Reading a press release out of UCSD, this comment from the Blue Ribbon Task Force on Sustainable Digital Preservation and Access [pdf] caught my eye:
A recent study by the International Data Corporation (IDC) said that in 2007, the amount of digital data began to exceed the amount of storage to retain it, and will continue to grow faster than storage capacity from here on. The IDC study predicts that by 2011, our “digital universe” … will be 10 times the size it was in 2006.

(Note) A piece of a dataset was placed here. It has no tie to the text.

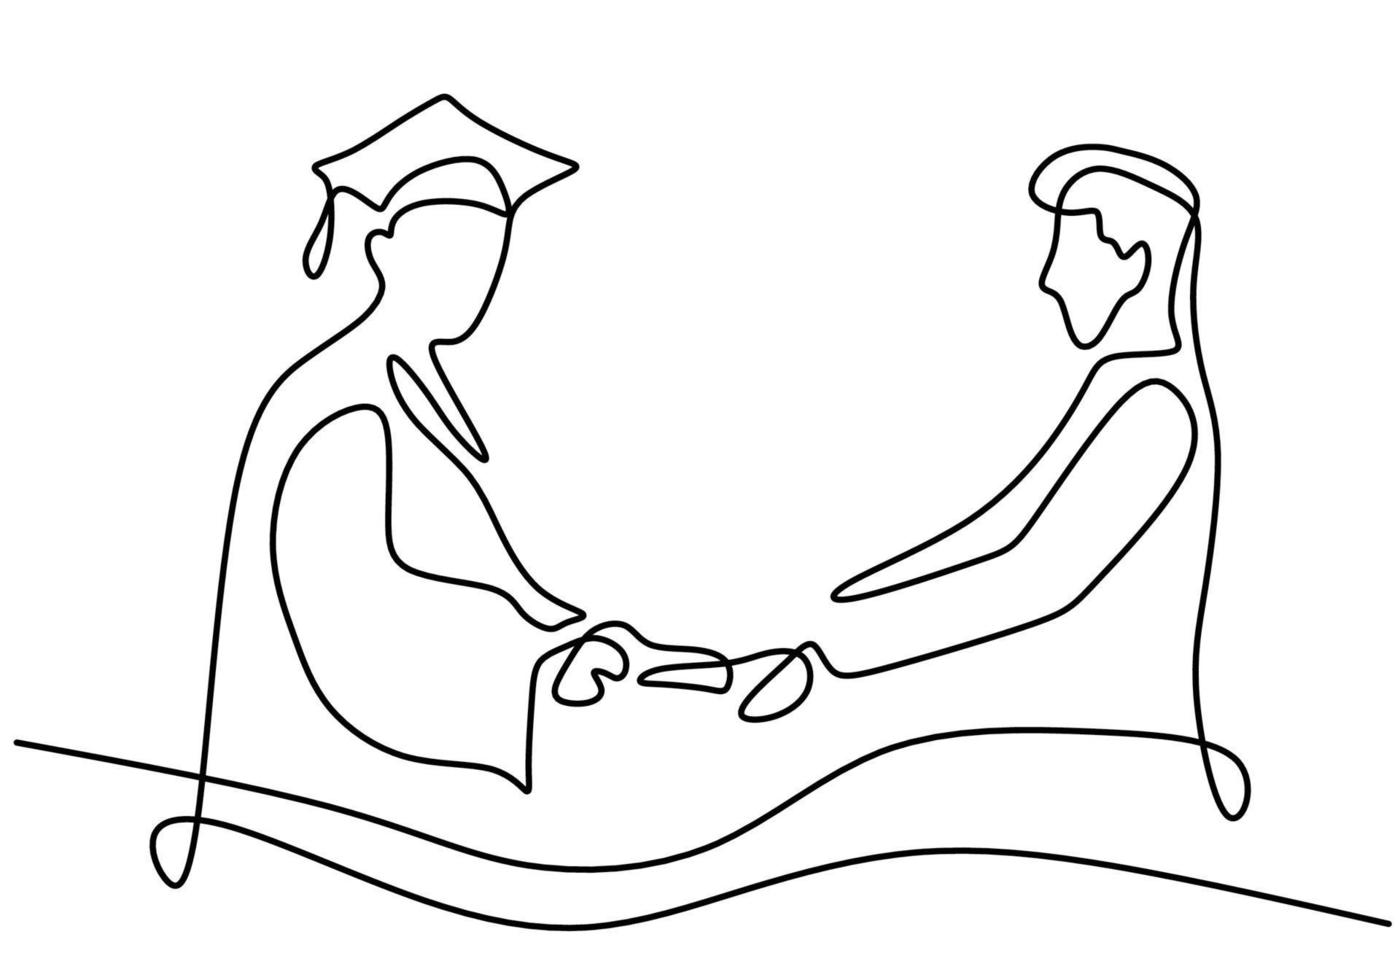 un seul dessin au trait d'un étudiant diplômé avec conférencier isolé sur fond blanc. un conférencier donne des diplômes aux étudiants et leur serre la main. concept de graduation de l'éducation. illustration vectorielle vecteur
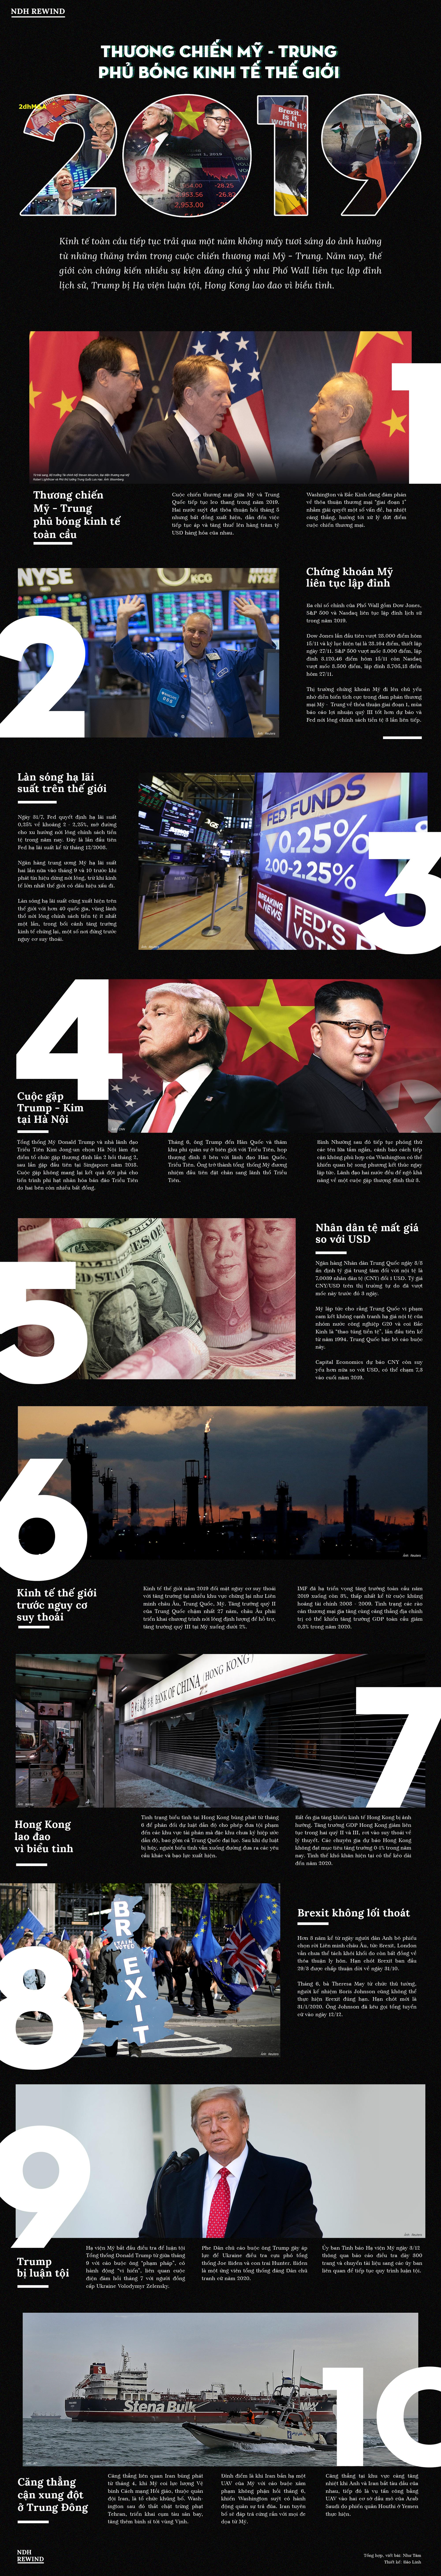 Thương chiến Mỹ - Trung phủ bóng kinh tế thế giới 2019

That sounds about right, and is a little alarming. The University of Montana Mansfield Library recently digitized a run of Salish-Kootenai tribal newspapers called the Char-Koosta News. While this was a relatively small project, it still amounted to the creation of 26,633 files at 253 GB of storage (and that doesn’t include what’s available on the public website.) If we are able to ramp up production 10x by 2011, we’re looking at an additional 2.5TB of data and possibly 270k files that will need to preserved, both compressed and uncompressed, from that point forward. It’s a bit staggering.
The report has a list of coming challenges seem spot on to me:
- Inadequacy of funding models to address long-term access and preservation needs.
- Confusion and/or lack of alignment between stakeholders, roles, and responsibilities with respect to digital access and preservation.
- Inadequate institutional, enterprise, and/or community incentives to support the collaboration needed to reinforce sustainable economic models.
- Complacency that current practices are “good enough.”
- Fear that digital access and preservation is too big to take on.
The last two bulletts will be the two I’ll be focusing on initially here at worrk.